● **Work to complete**
Could the listing be repeated exactly, with every picture dropped?

● **Exercise data**

= = = =

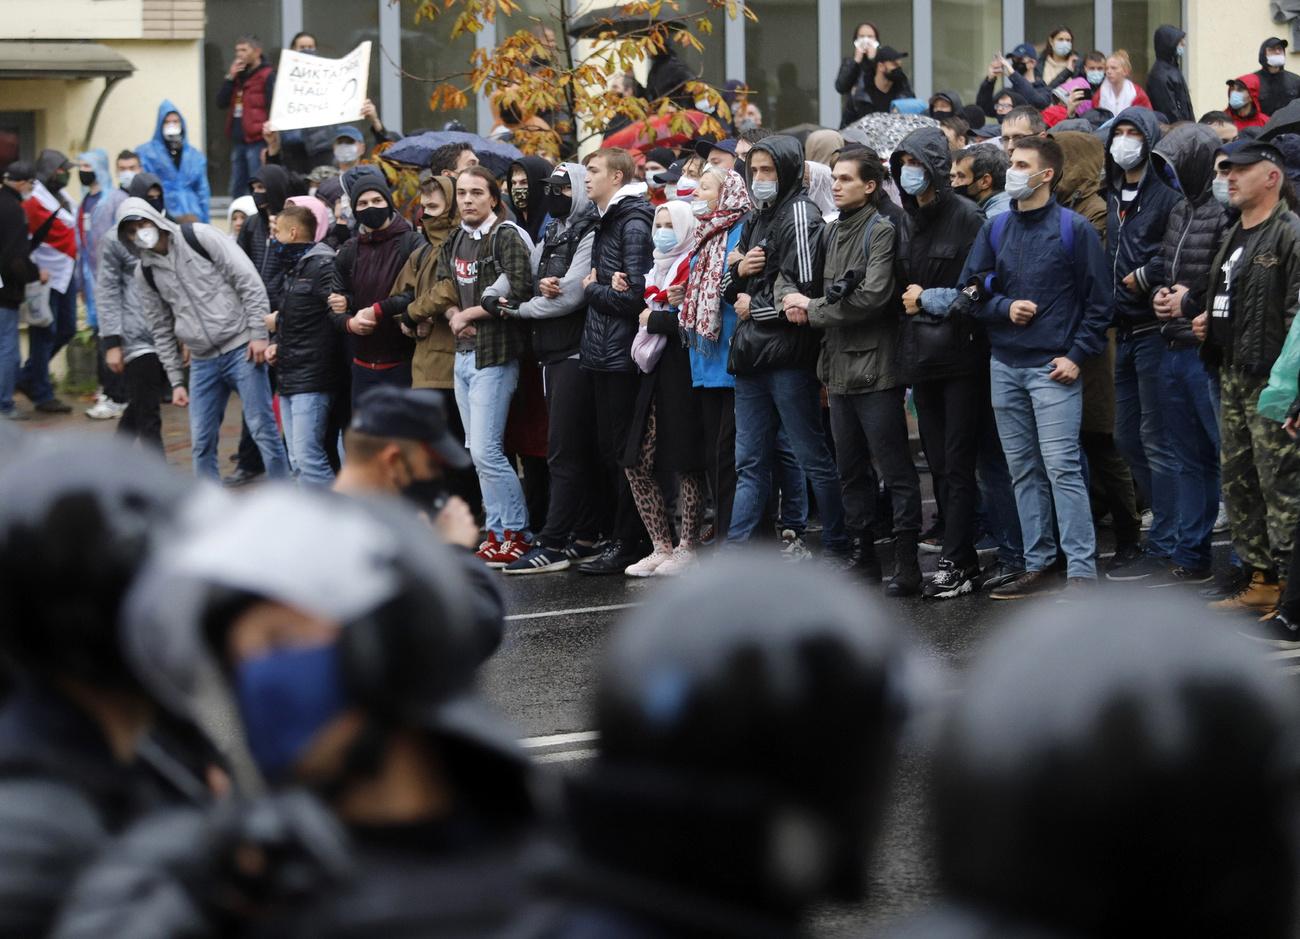 Des partisants de l'opposition bloquent une rue durant une manifestation contestant les résultats officiels de l'élection présidentielle. Minsk, Bélarussie, le 11 octobre 2020. [Keystone - AP Photo]
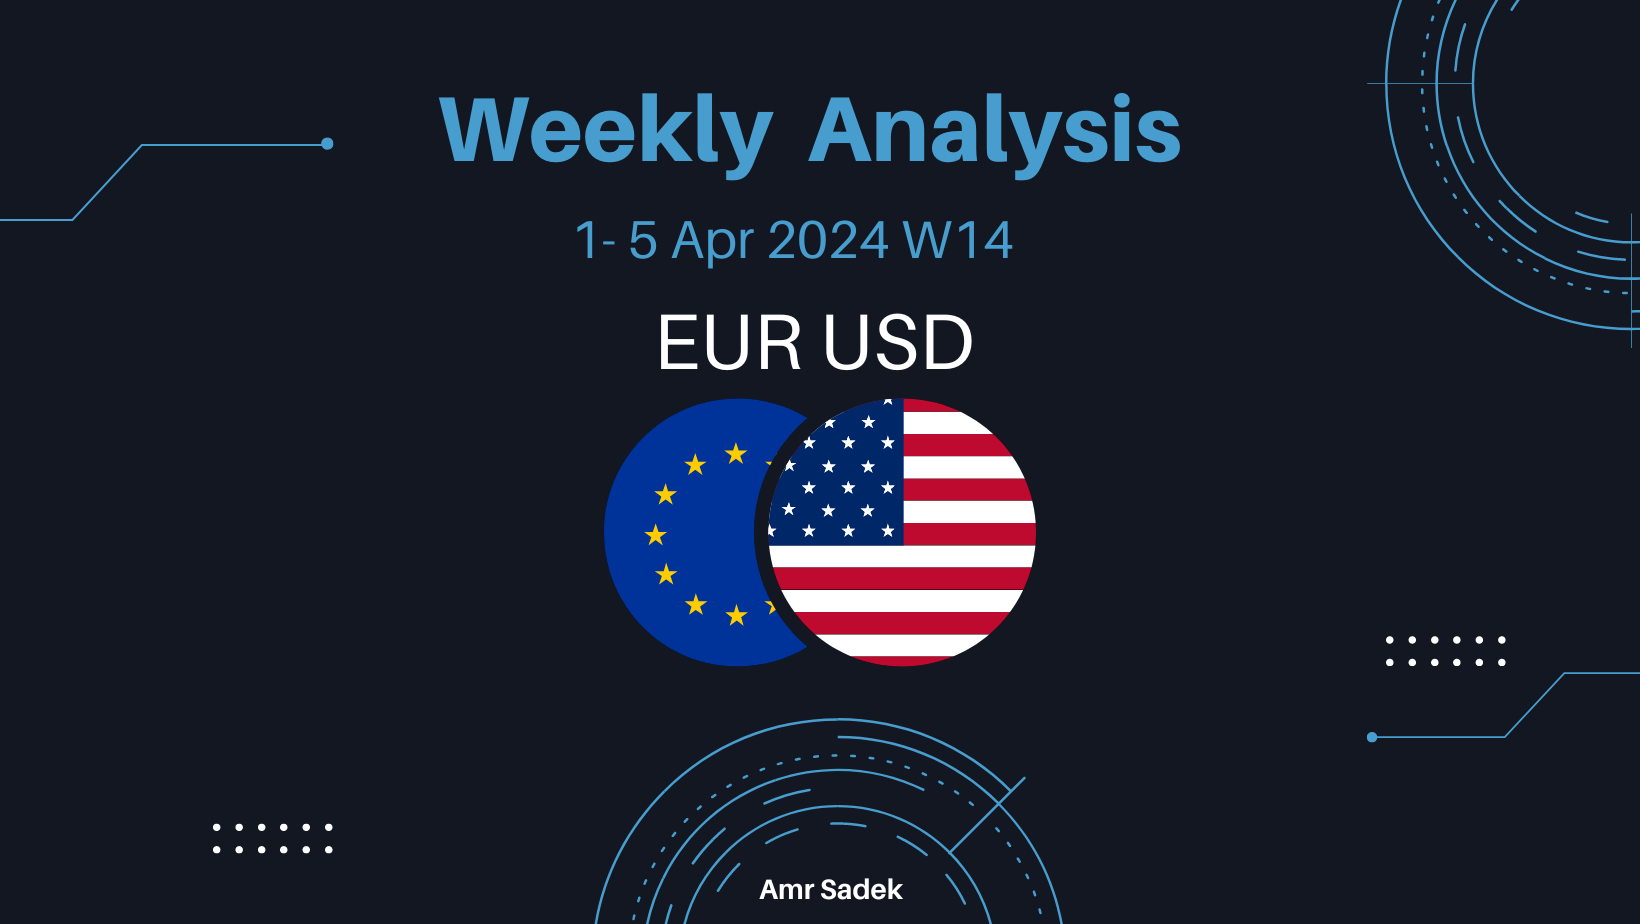 EURUSD 1-5 Apr 2024 W14 Weekly Analysis – NFP Week!
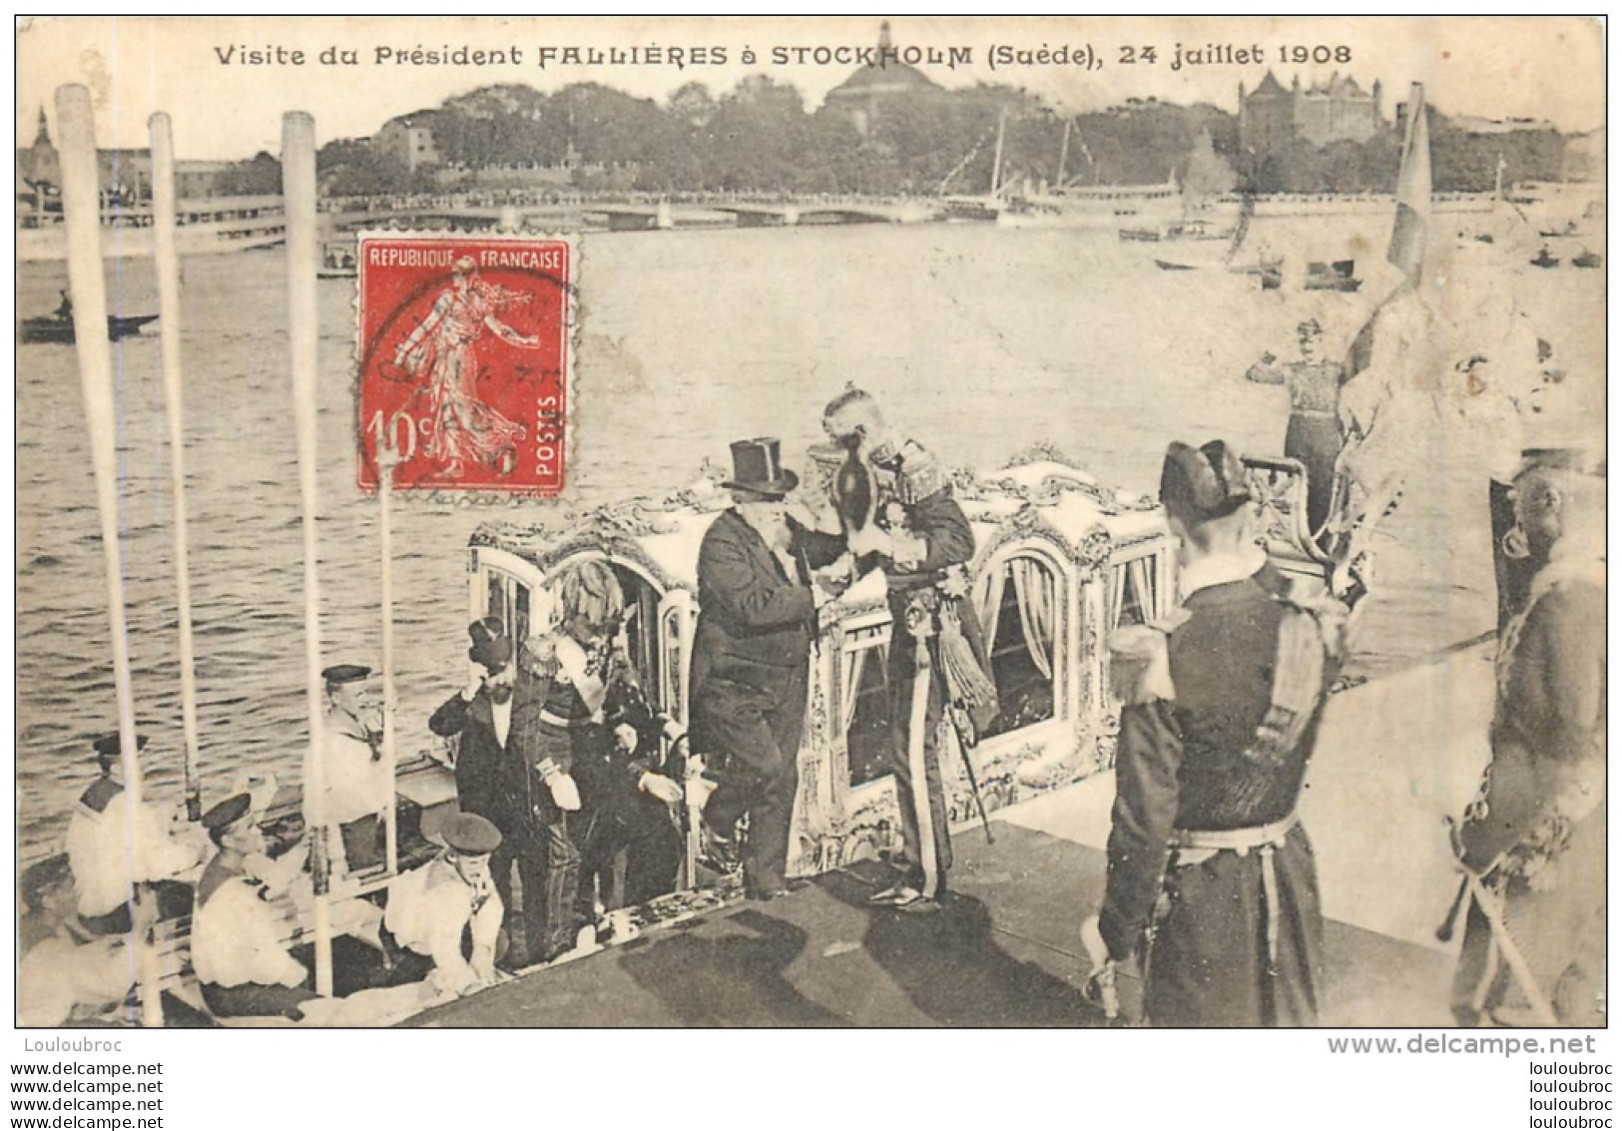 VISITE DU PRESIDENT FALLIERES A STOCKHOLM JUILLET 1908 - Persönlichkeiten
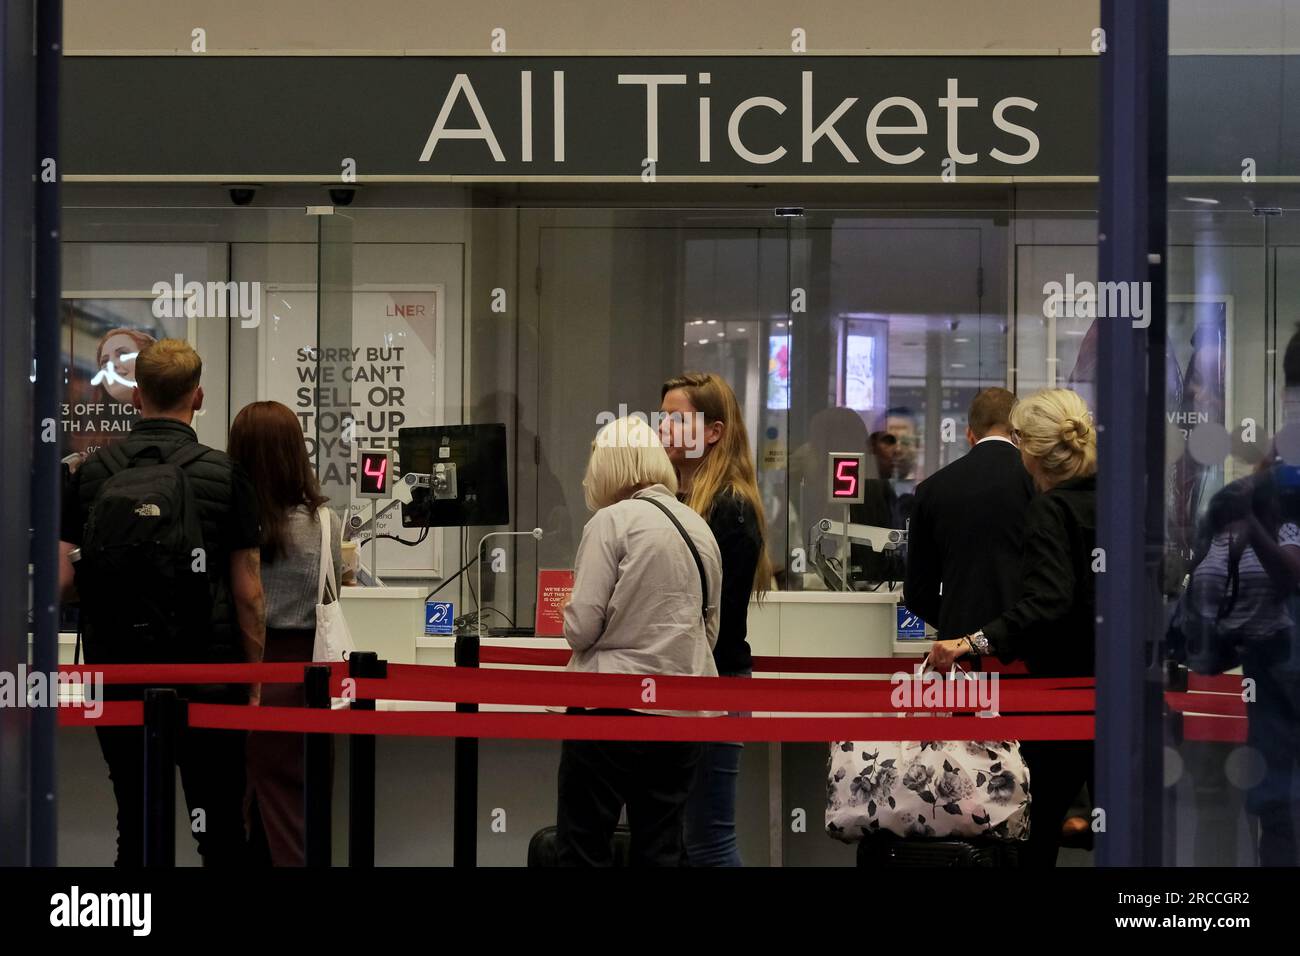 Londra, Regno Unito. La gente aspetta in fila alla biglietteria della ferrovia King's Cross. I servizi della stazione coprono le Midlands, il nord e la Scozia. Foto Stock

= = = =

● **Output below**
 Des partisants de l'opposition bloquent une rue durant une manifestation contestant les résultats officiels de l'élection présidentielle. Minsk, Bélarussie, le 11 octobre 2020. [Keystone - AP Photo]
 EURUSD 1-5 Apr 2024 W14 Weekly Analysis – NFP Week!
 VISITE DU PRESIDENT FALLIERES A STOCKHOLM JUILLET 1908 - Persönlichkeiten
 Londra, Regno Unito. La gente aspetta in fila alla biglietteria della ferrovia King's Cross. I servizi della stazione coprono le Midlands, il nord e la Scozia. Foto Stock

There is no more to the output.